Keep building. We need more innovative tools like this.
We will have to do some good communication and marketing :)
If you don’t mind me asking, do you run your own full node in your own house? Is the bandwidth reasonable to your ISP etc?
Adding a test address is a good idea. Some of the exchange hot wallets make good examples.
I run both MyNode and Umbrel on 4GB RAM Ras Pis. I have no idea if my ISP is ok with the bandwidth but I haven't noticed any spikes in the price of my bill or anything.
I think exchange hot wallets would be a great idea. There are also some TxIDs here on https://kycp.org/. You might be able to get some good address ideas from that list.
Keep it up.
Here's the idiot version for anyone who isn't too clear: when you ask for the balance at your address on a block explorer online, they can correlate your IP address with the bitcoin address, so it's really bad for your privacy.
Instead, you could download the entire blockchain (which of course is what you do, when you run a node). That keeps your privacy since whoever you got the blockchain from, doesn't know exactly which addresses are yours, from that.
The obvious downside of that is, while private, it scales horribly.
Here, advanced cryptography is used to find some of the best of both worlds: the privacy is perfect, and the scalability is not perfect (it's going to be a bit slower/more bandwidth than an ordinary query), but way better than just downloading the whole database (this field of applied cryptography is called "Private Information Retrieval").
Question to the authors ( @blintz ?), concretely how much bandwidth is used in the simplest query, let's say a single address query (or tx query), compared with a non PIR based explorer?
This is a great summary! We really should write something like that in a whitepaper. Thanks for this.
Great question - this takes about 14 KB upload and 128 KB download per query. This is much more than for a normal address query, but on an absolute basis, it’s really small (less than just loading a page with a photo, for example). There is also a one-time upload for the first query of about 8 MB. As far as bandwidth, it would be usable even on a slow 3G connection. The main cost is really on the server side, since we have to maintain a fairly large server to answer queries. This is why we’re interested in building a service people would be willing to pay for, so we can cover these server costs.
The problem with any non-self hosted website like this though is it ultimately still relies on trusting that the maintainer or anyone breaking in without the maintainer knowing, is logging.

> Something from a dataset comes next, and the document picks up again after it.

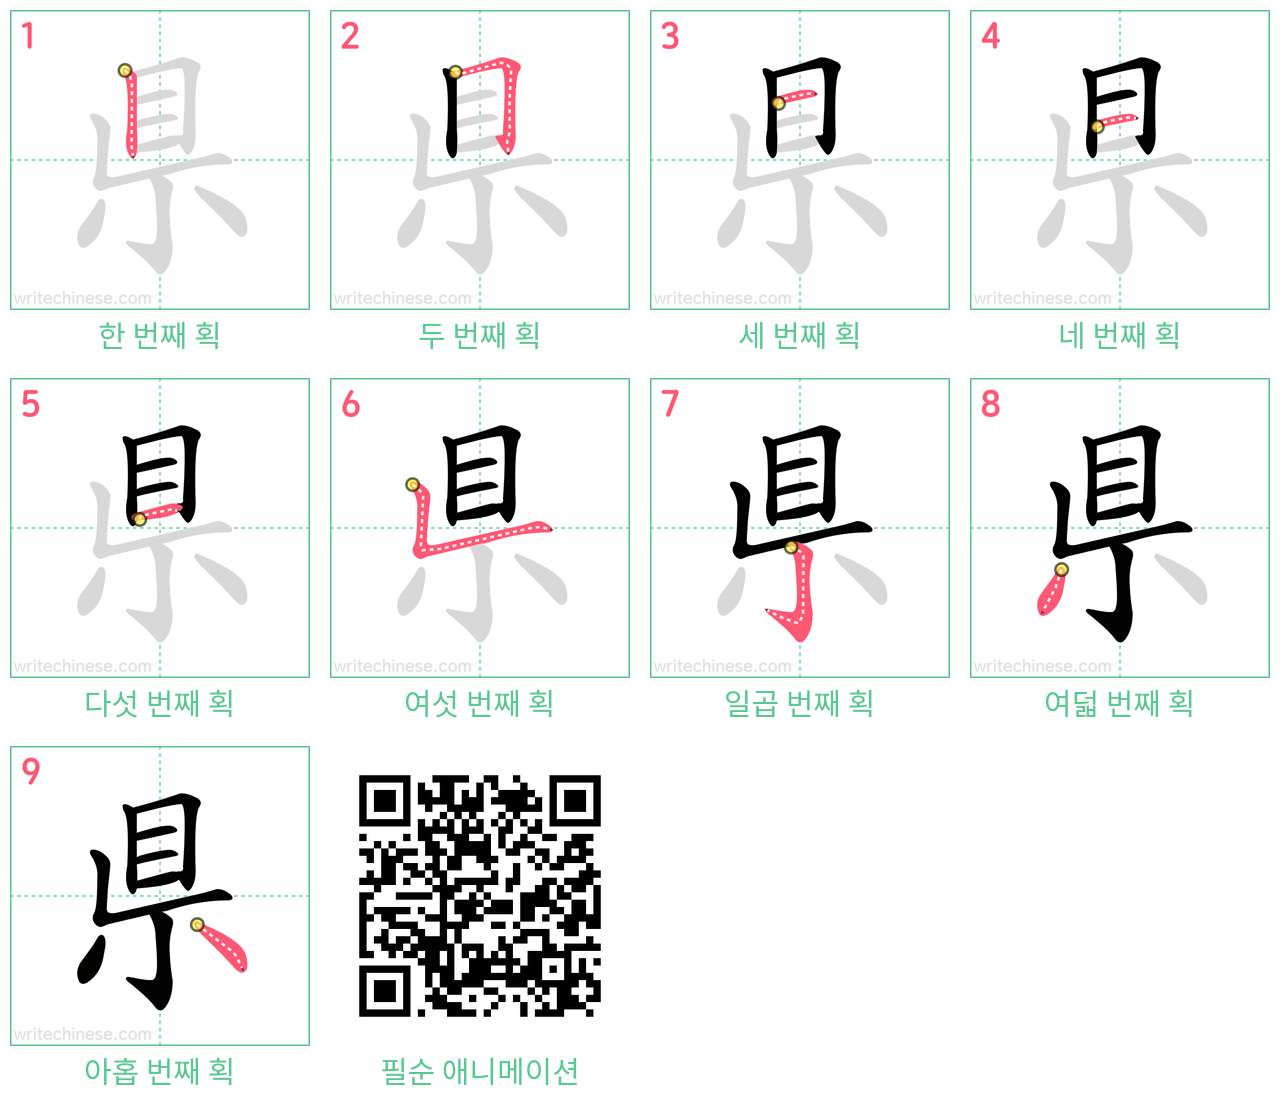 県 step-by-step stroke order diagrams
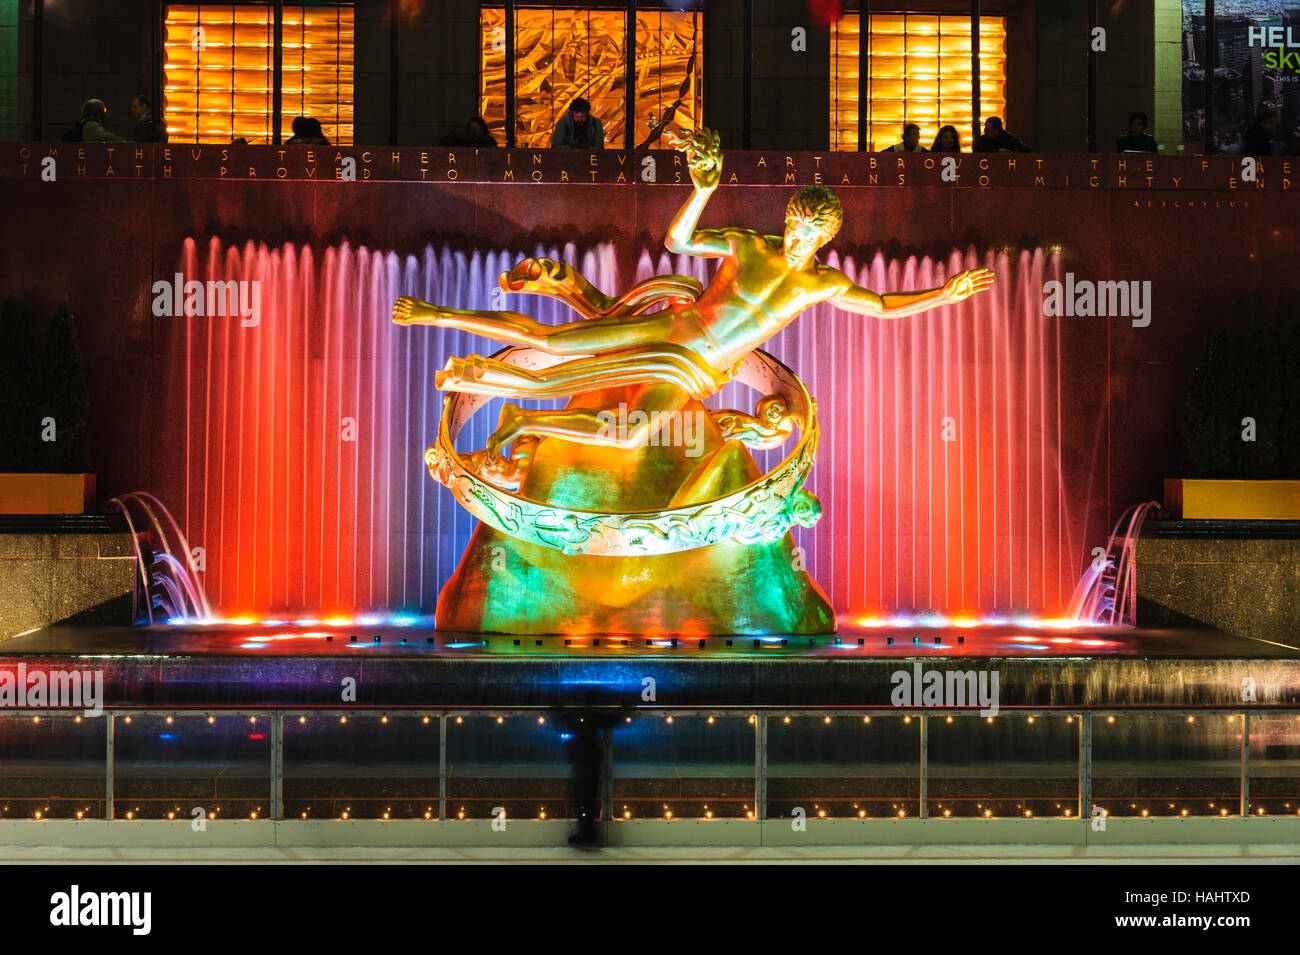 Manhattan, Rockefeller Center (Centre),New York City, NY, USA - Prometheus Sculpture de Paul Howard Manship, fontaine illuminée la nuit. Banque D'Images

You're absolutely right! For now, the best way to defend against this is to just save the webpage (lol), and use that local page as your client. We will also be releasing some kind of Electron app or Chrome extension (open to suggestions) to mitigate this kind of attack. That way, we can do code signing, have people audit the code, etc. A mobile app will also be a good way to ensure that you are running a secure client.
Not to be overly negative, I agree, but it raises a question. If a user has to download and run specific code to make queries more safely, why not have that code be the more general Tor Browser? It has more eyes on it still, which is useful since running any extra code in your browser or otherwise adds many other risks.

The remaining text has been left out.